∫ (a+b sin(e+fx))3 _________________________

3.740 \(\int \frac{(a+b \sin (e+f x))^3}{\sqrt{c+d \sin (e+f x)}} \, dx\)

Optimal. Leaf size=302 \[ -\frac{2 \left (45 a^2 b c d^2-15 a^3 d^3-15 a b^2 d \left (2 c^2+d^2\right )+b^3 \left (8 c^3+7 c d^2\right )\right ) \sqrt{\frac{c+d \sin (e+f x)}{c+d}} F\left (\frac{1}{2} \left (e+f x-\frac{\pi }{2}\right )|\frac{2 d}{c+d}\right )}{15 d^3 f \sqrt{c+d \sin (e+f x)}}-\frac{2 b \left (-45 a^2 d^2+30 a b c d+b^2 \left (-\left (8 c^2+9 d^2\right )\right )\right ) \sqrt{c+d \sin (e+f x)} E\left (\frac{1}{2} \left (e+f x-\frac{\pi }{2}\right )|\frac{2 d}{c+d}\right )}{15 d^3 f \sqrt{\frac{c+d \sin (e+f x)}{c+d}}}+\frac{8 b^2 (b c-3 a d) \cos (e+f x) \sqrt{c+d \sin (e+f x)}}{15 d^2 f}-\frac{2 b^2 \cos (e+f x) (a+b \sin (e+f x)) \sqrt{c+d \sin (e+f x)}}{5 d f} \]

[Out]

(8*b^2*(b*c - 3*a*d)*Cos[e + f*x]*Sqrt[c + d*Sin[e + f*x]])/(15*d^2*f) - (2*b^2*Cos[e + f*x]*(a + b*Sin[e + f*

x])*Sqrt[c + d*Sin[e + f*x]])/(5*d*f) - (2*b*(30*a*b*c*d - 45*a^2*d^2 - b^2*(8*c^2 + 9*d^2))*EllipticE[(e - Pi

/2 + f*x)/2, (2*d)/(c + d)]*Sqrt[c + d*Sin[e + f*x]])/(15*d^3*f*Sqrt[(c + d*Sin[e + f*x])/(c + d)]) - (2*(45*a

^2*b*c*d^2 - 15*a^3*d^3 - 15*a*b^2*d*(2*c^2 + d^2) + b^3*(8*c^3 + 7*c*d^2))*EllipticF[(e - Pi/2 + f*x)/2, (2*d

)/(c + d)]*Sqrt[(c + d*Sin[e + f*x])/(c + d)])/(15*d^3*f*Sqrt[c + d*Sin[e + f*x]])
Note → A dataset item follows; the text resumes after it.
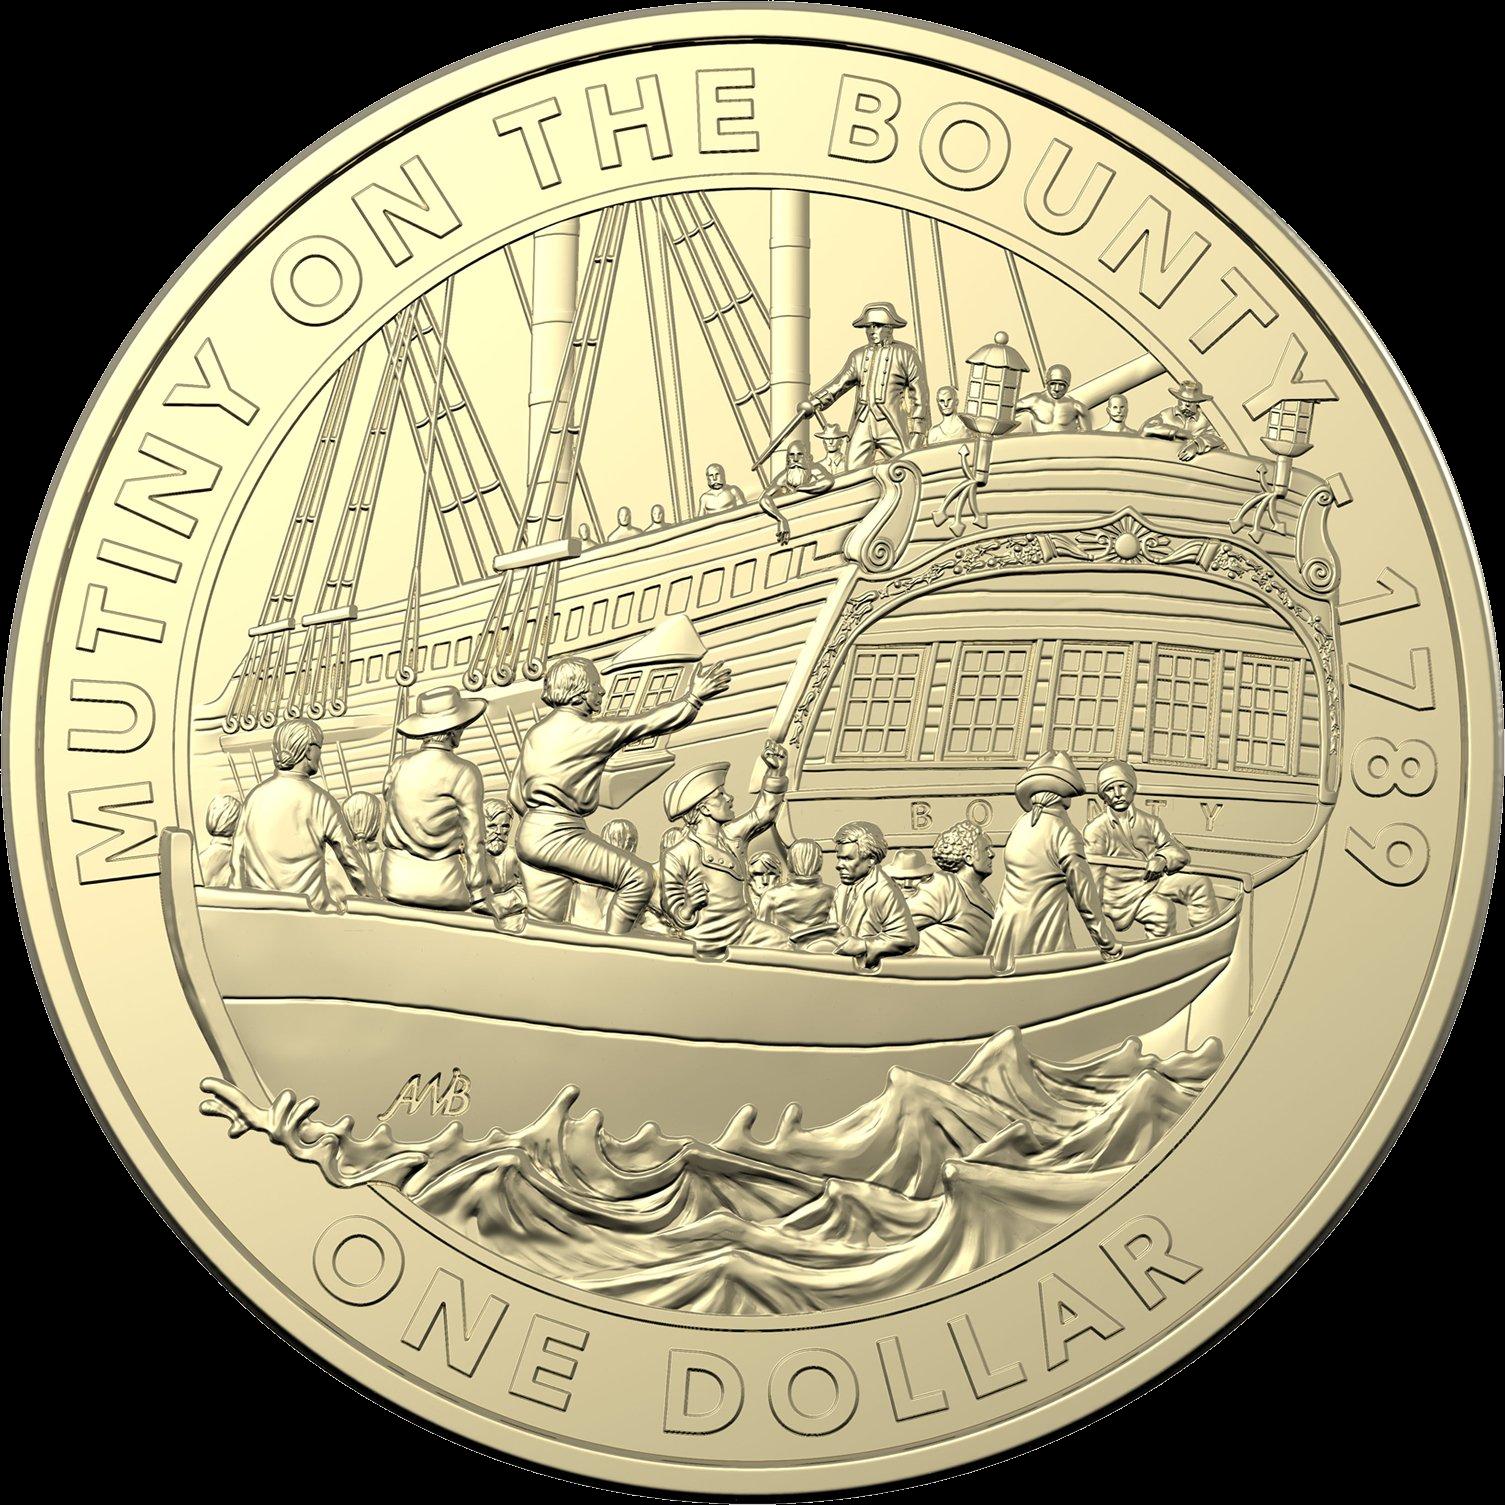 Австралия монета 1 доллар Мятеж на Баунти, реверс
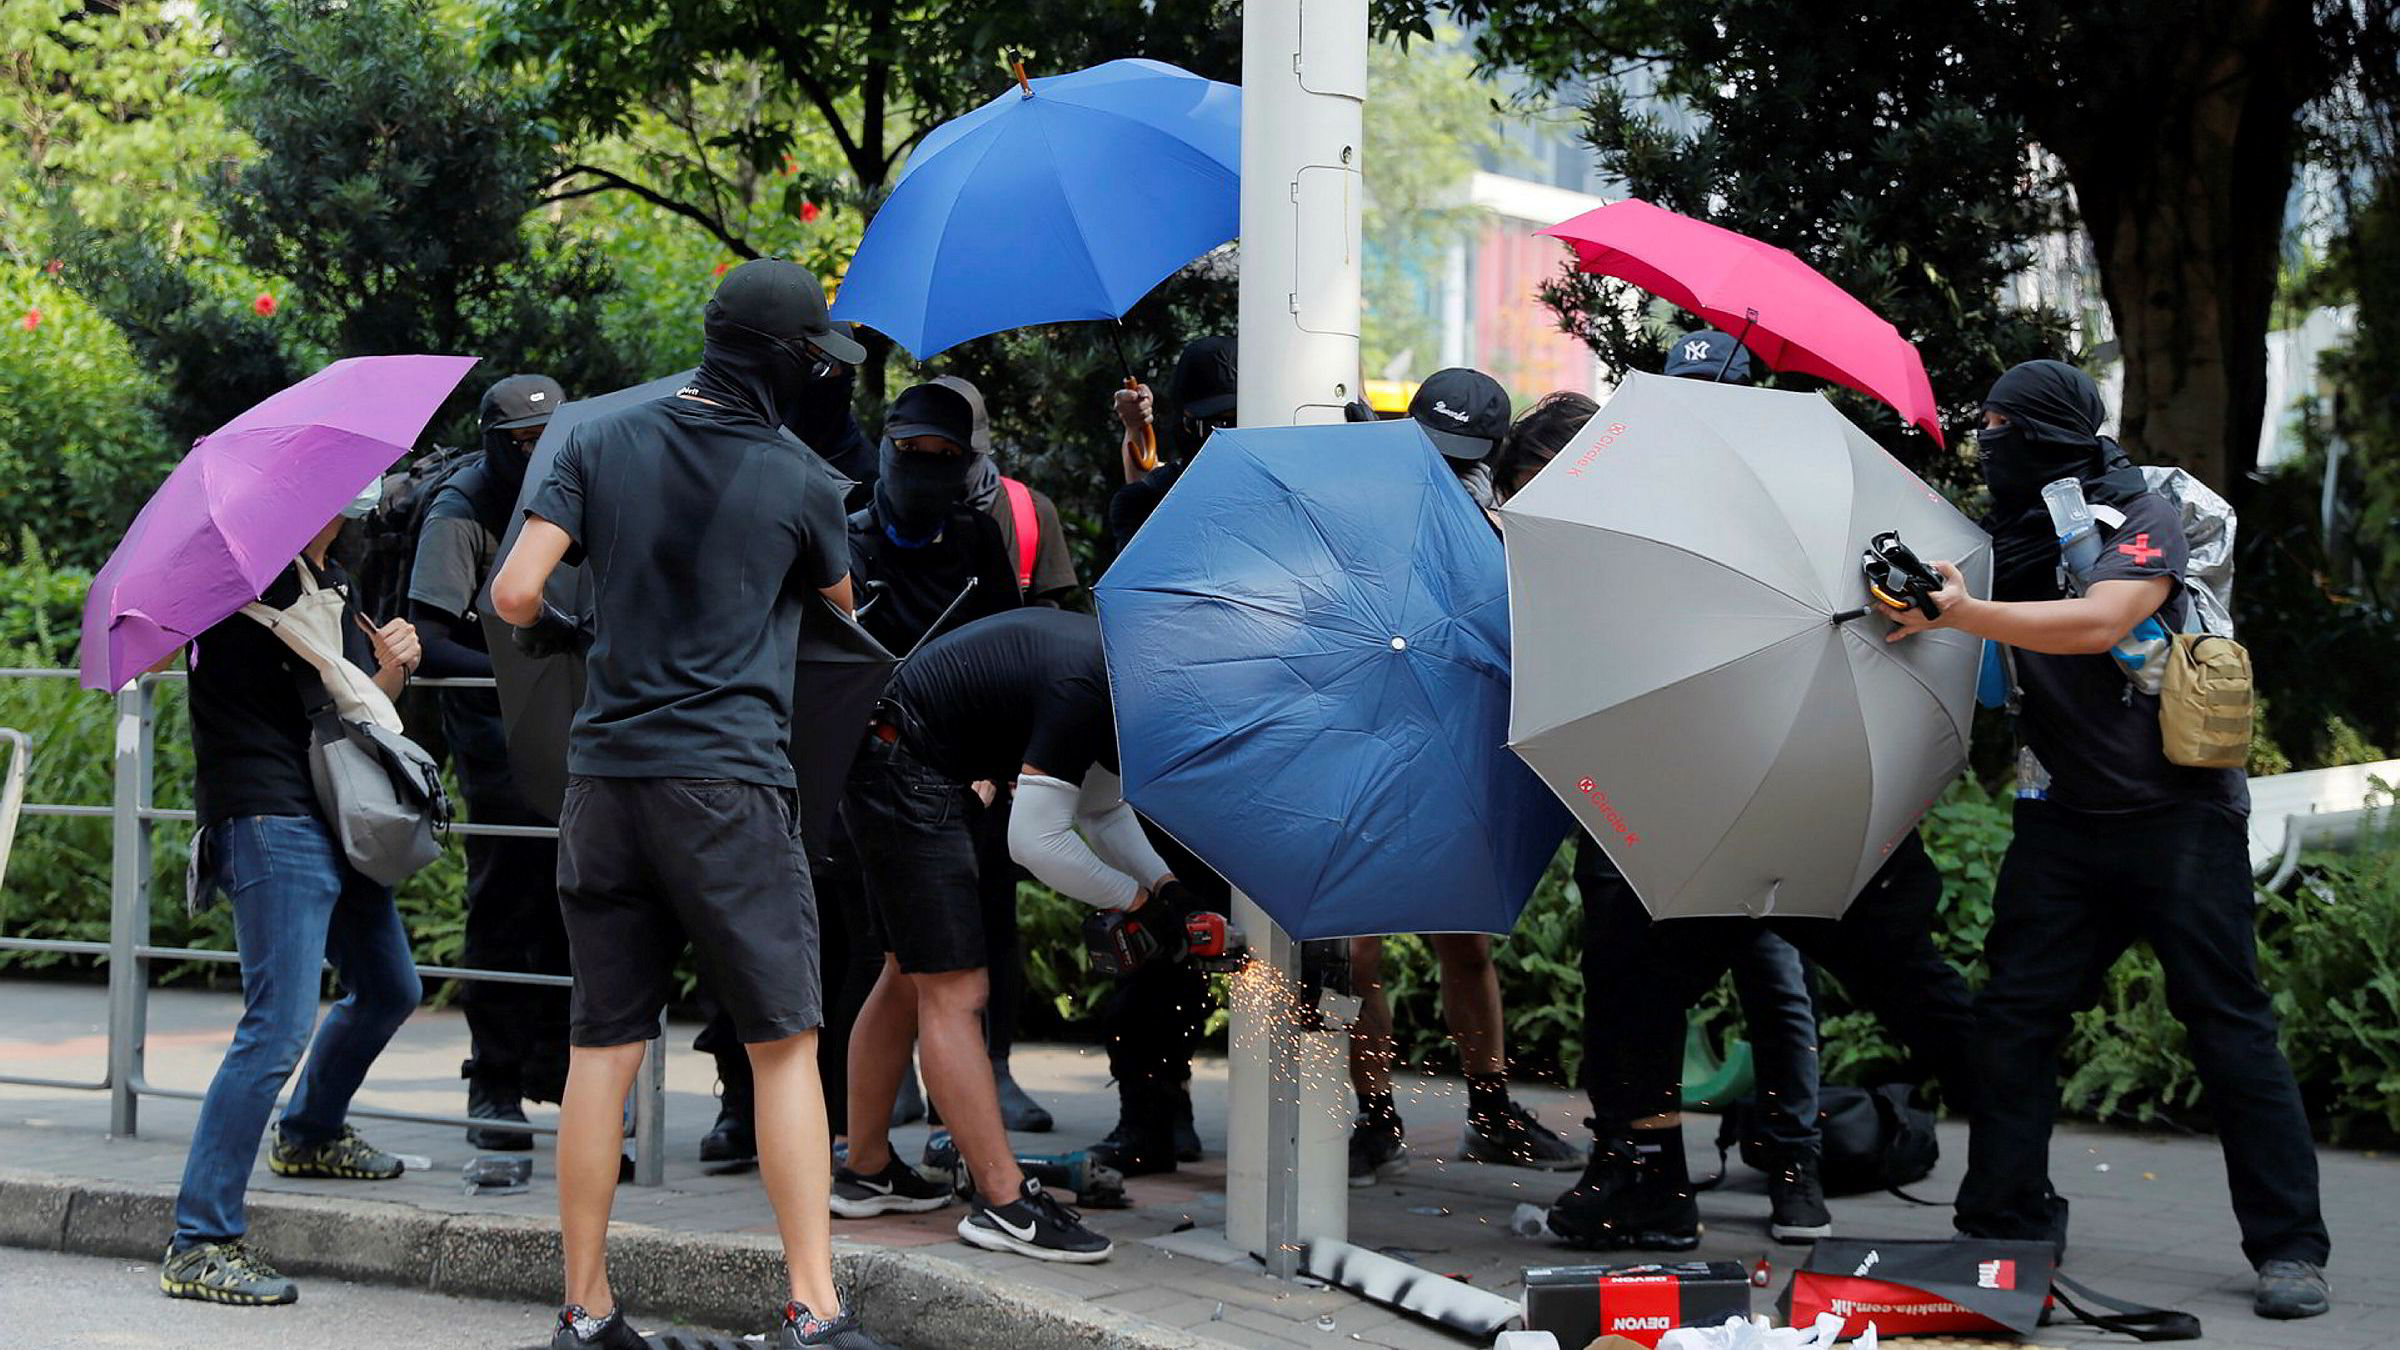 Hongkong 24. august i fjor: En gruppe demonstranter med oppslåtte paraplyer og skjerf foran ansiktet er i ferd med å velte en lysstolpe og åpne den med en sag. Det ser ut som hærverk, men er en disseksjon av byens overvåkning: Hvilke sensorer finnes i stolpen? Har den kameraer?

________________________________________________________________________________________

Rubi [A] time = 0.479075, antiderivative size = 302, normalized size of antiderivative = 1., number of steps used = 7, number of rules used = 7, integrand size = 27, \(\frac{\text{number of rules}}{\text{integrand size}}\) = 0.259, Rules used = {2793, 3023, 2752, 2663, 2661, 2655, 2653} \[ -\frac{2 \left (45 a^2 b c d^2-15 a^3 d^3-15 a b^2 d \left (2 c^2+d^2\right )+b^3 \left (8 c^3+7 c d^2\right )\right ) \sqrt{\frac{c+d \sin (e+f x)}{c+d}} F\left (\frac{1}{2} \left (e+f x-\frac{\pi }{2}\right )|\frac{2 d}{c+d}\right )}{15 d^3 f \sqrt{c+d \sin (e+f x)}}-\frac{2 b \left (-45 a^2 d^2+30 a b c d+b^2 \left (-\left (8 c^2+9 d^2\right )\right )\right ) \sqrt{c+d \sin (e+f x)} E\left (\frac{1}{2} \left (e+f x-\frac{\pi }{2}\right )|\frac{2 d}{c+d}\right )}{15 d^3 f \sqrt{\frac{c+d \sin (e+f x)}{c+d}}}+\frac{8 b^2 (b c-3 a d) \cos (e+f x) \sqrt{c+d \sin (e+f x)}}{15 d^2 f}-\frac{2 b^2 \cos (e+f x) (a+b \sin (e+f x)) \sqrt{c+d \sin (e+f x)}}{5 d f} \]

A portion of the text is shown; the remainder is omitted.